Data Protection and Trust Boundaries in AI Environments
The constant interaction between artificial intelligence systems and large volumes of sensitive data creates new security perimeters that require continuous and rigorous monitoring. Falhas in validating data inputs or insufficient access controls can lead not only to the leakage of confidential information, but also to the manipulation of the behavior of automated models, a risk known as “prompt injection”. Although these risks are mapped into traditional Owasp categories, such as breach of access control and fault injection, their scale of impact is amplified in environments that massively process data to train and operate language models.
Therefore, organizations must establish very well-defined trust boundaries when integrating AI tools with external APIs and corporate databases. Continuous monitoring of the origin of each component used in the software lifecycle, including model training datasets, is the only way to ensure that vulnerabilities are not inherited and exploited. With complete visibility into the makeup of their applications, companies remain vulnerable to attacks that exploit the trust placed in technology vendors and AI components, making traceability a fundamental pillar of modern security.
Full software supply chain visibility
Ensuring security in today’s technology landscape requires companies to maintain a detailed and up-to-date inventory of all software artifacts in use, which includes not only code libraries but also AI models, datasets, and containers.

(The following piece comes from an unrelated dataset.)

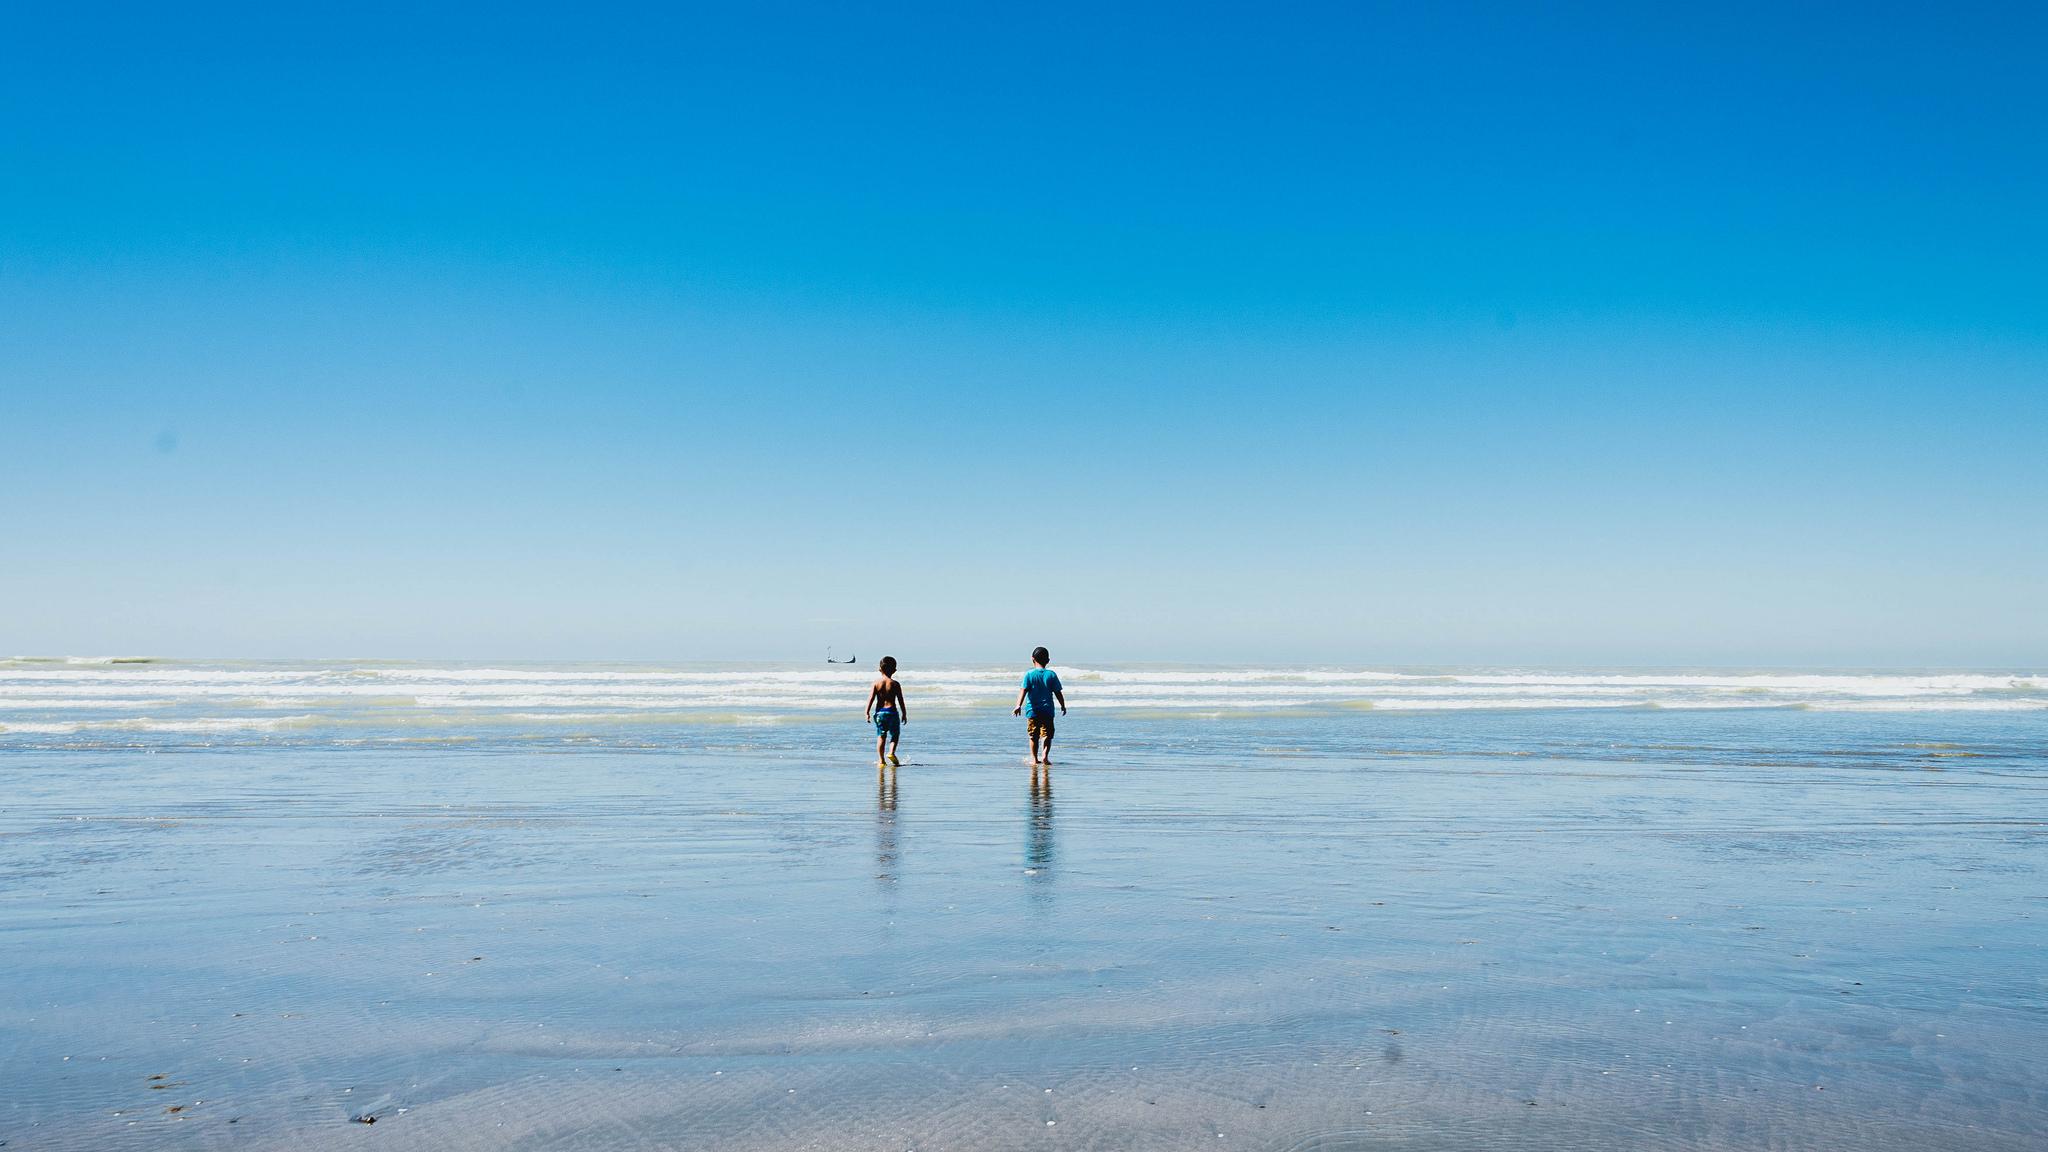 Niños en la playas - 2048x1152

The ability to quickly identify malicious packages, outdated dependencies, or insecure configurations before they become production incidents is the key competitive differentiator for digitally resilient organizations. Manter transparency about the origin and quality of each component used, through a Software Bill of Materials (SBOM), strengthens the security posture and protects the brand’s reputation in a global market increasingly aware of cyber risks.
Integrated collaboration between security and development
The era of modern software development no longer allows for isolation between security teams and engineering teams. Integrated collaboration, known as DevSecOps, and the use of data intelligence to monitor emerging threats are key to addressing the complex challenges listed by Owasp.